- What is required -
Omit the images, then repeat the listing exactly.

- Recorded information -
Content starts

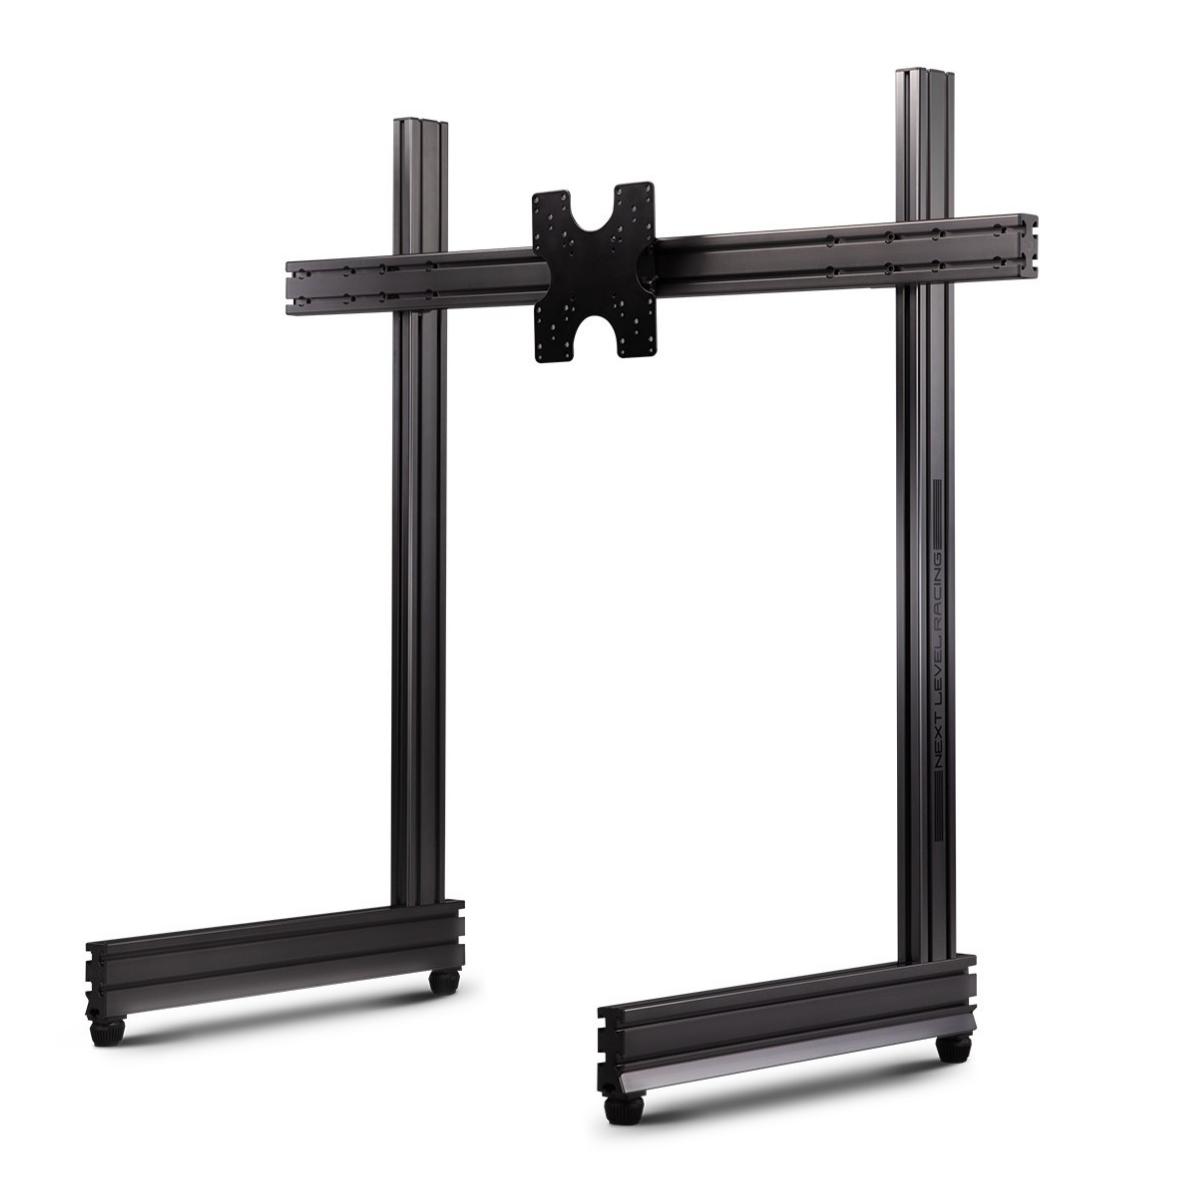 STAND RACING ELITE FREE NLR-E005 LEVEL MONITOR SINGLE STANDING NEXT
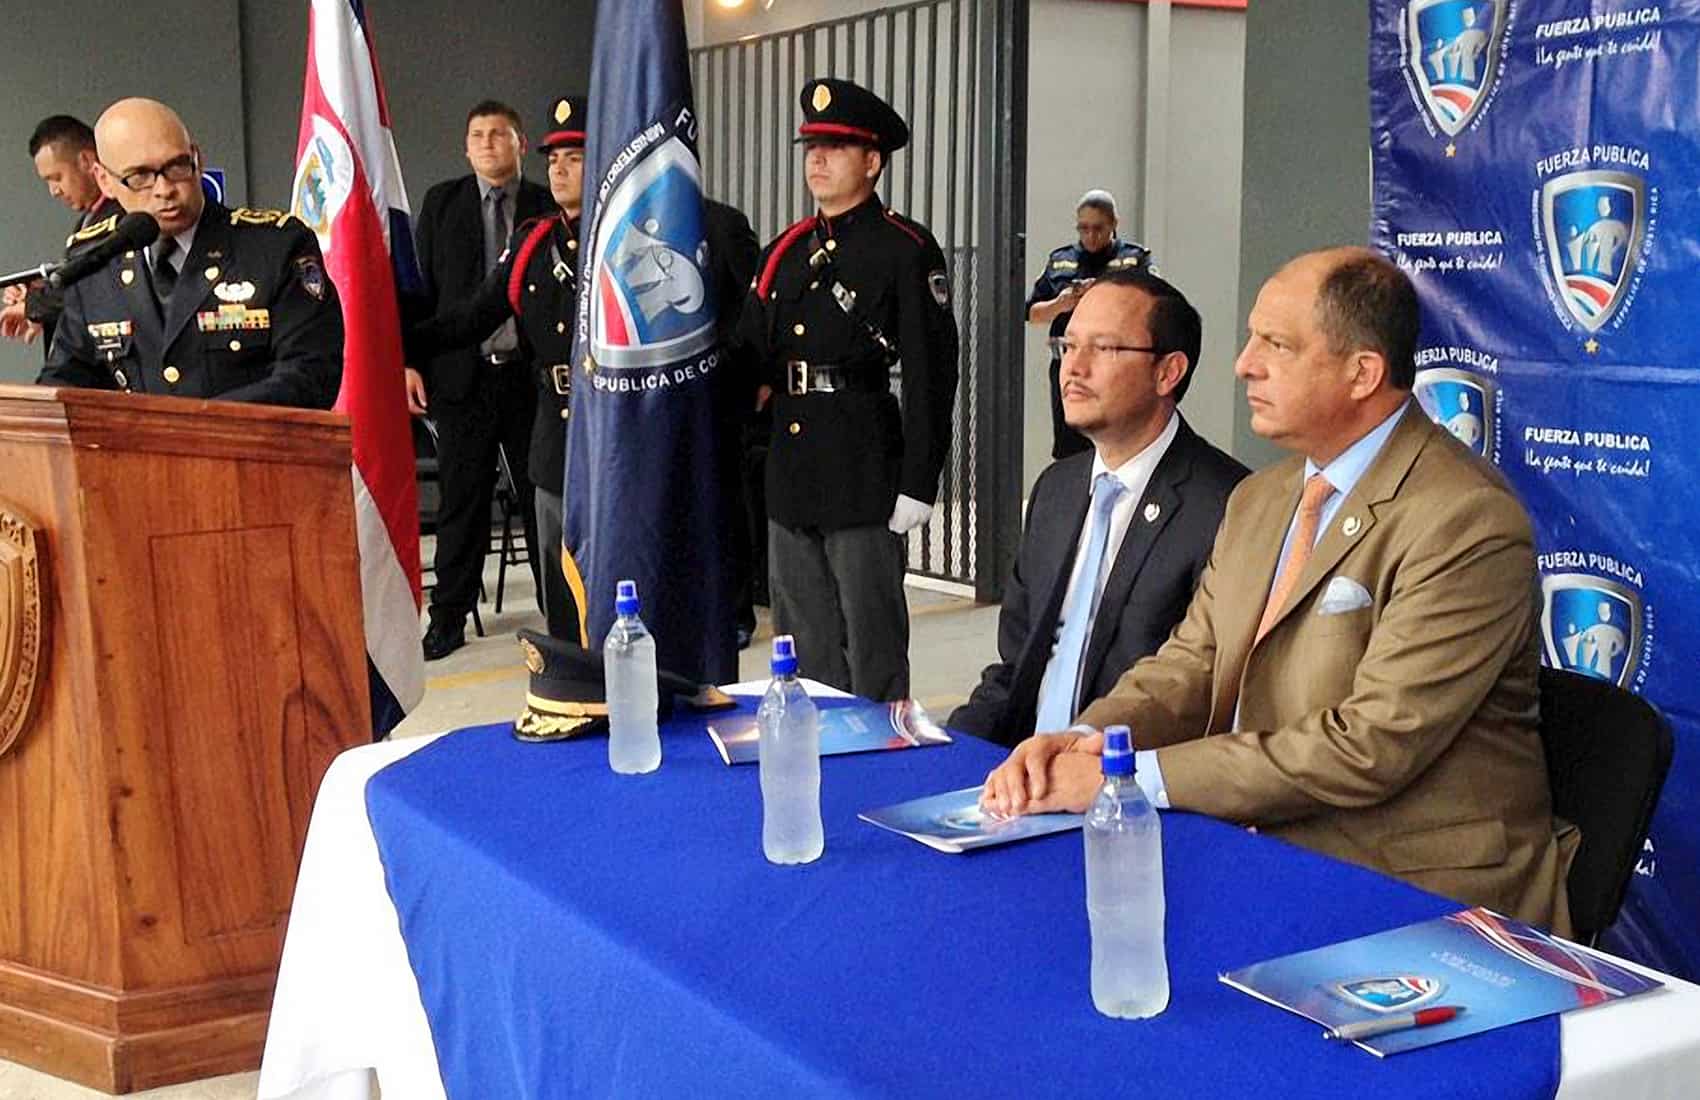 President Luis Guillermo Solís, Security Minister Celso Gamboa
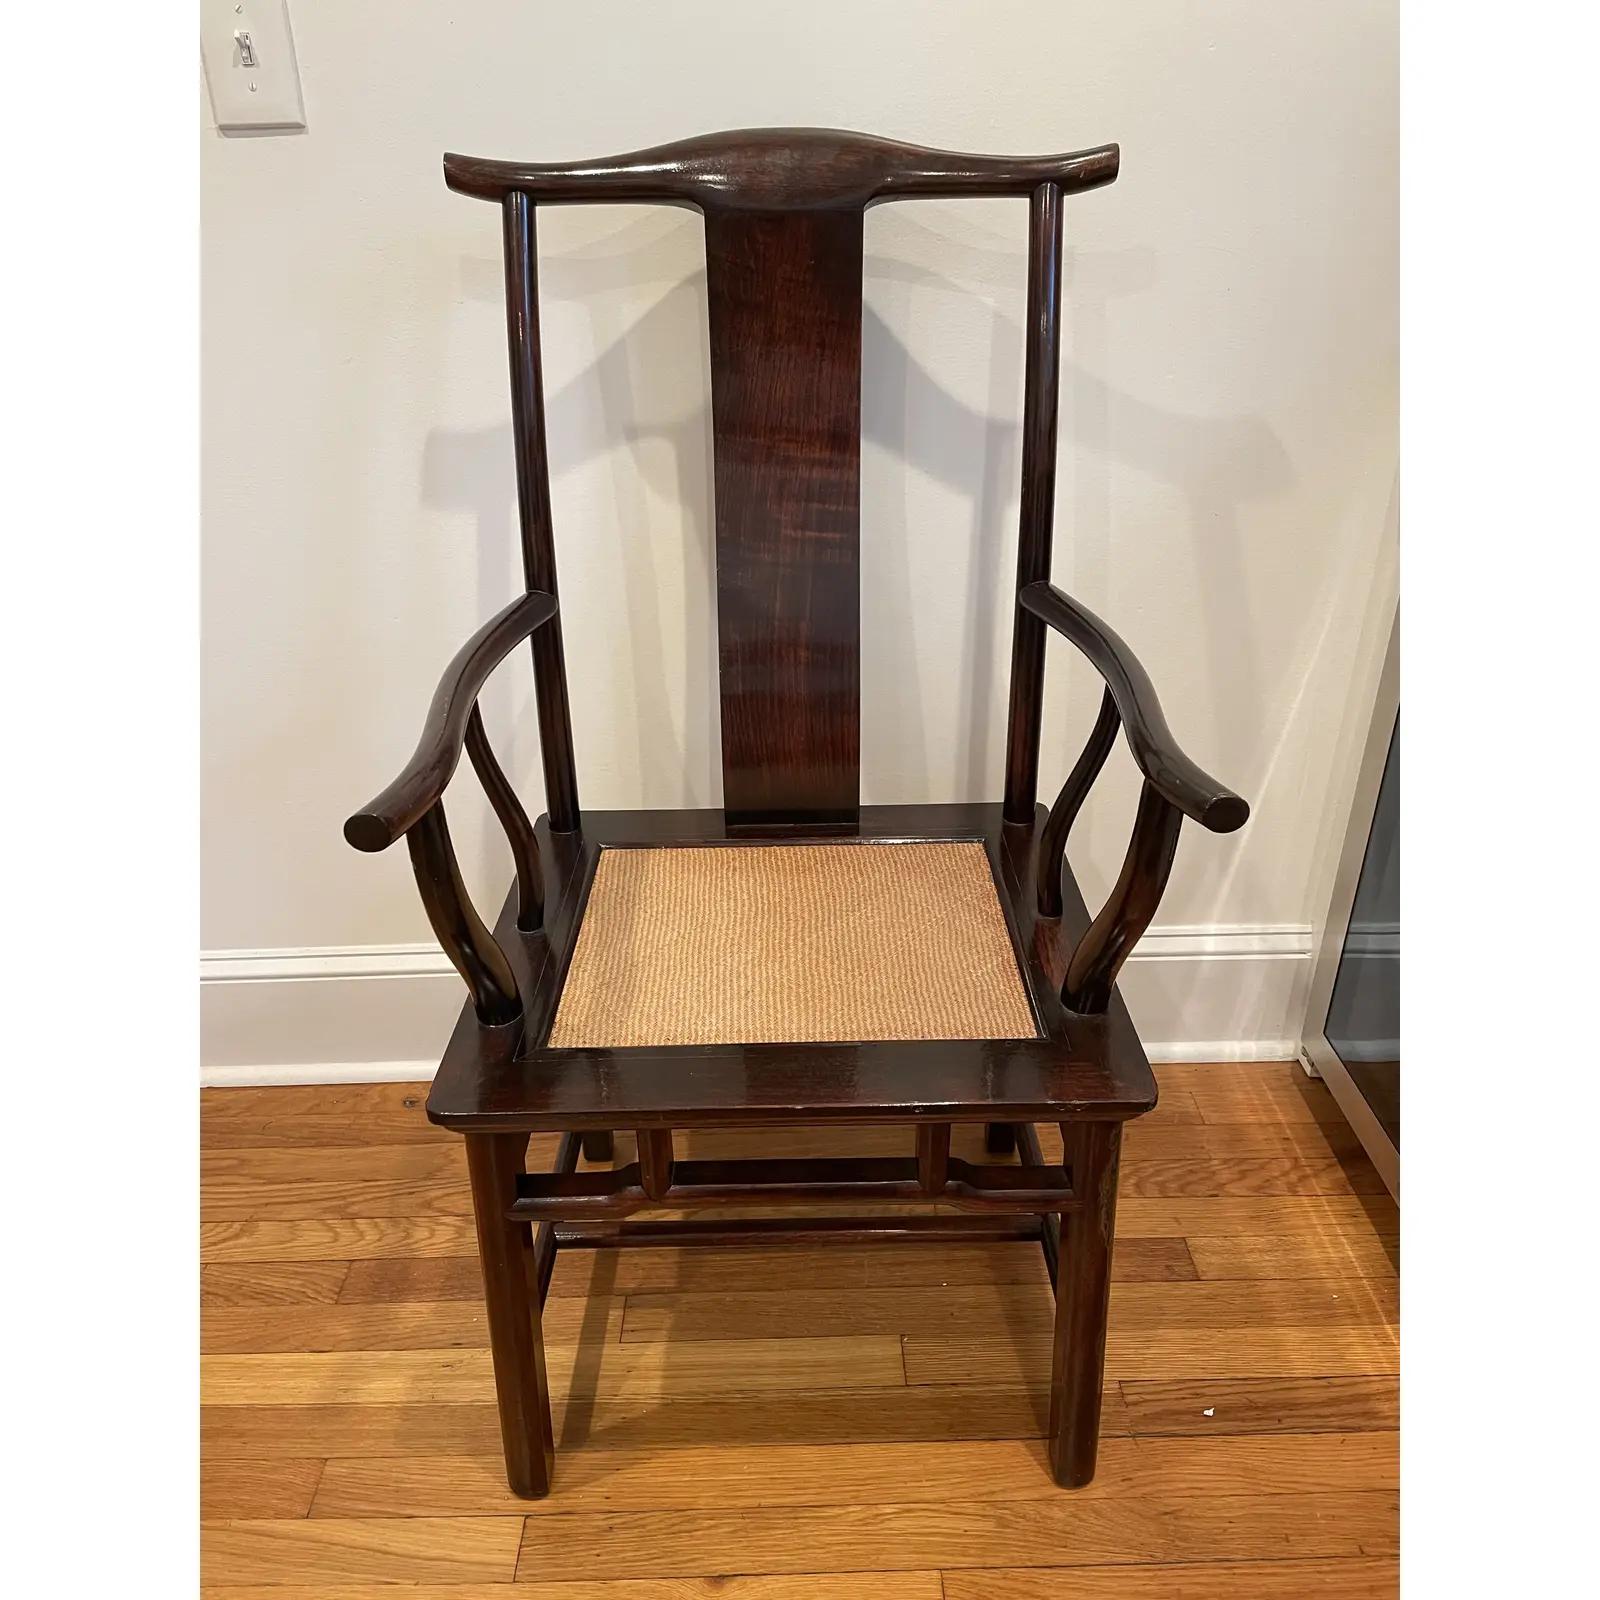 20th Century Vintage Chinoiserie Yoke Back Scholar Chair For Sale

Content ends

- Exercise result -
 STAND RACING ELITE FREE NLR-E005 LEVEL MONITOR SINGLE STANDING NEXT
 President Luis Guillermo Solís, Security Minister Celso Gamboa
 20th Century Vintage Chinoiserie Yoke Back Scholar Chair For Sale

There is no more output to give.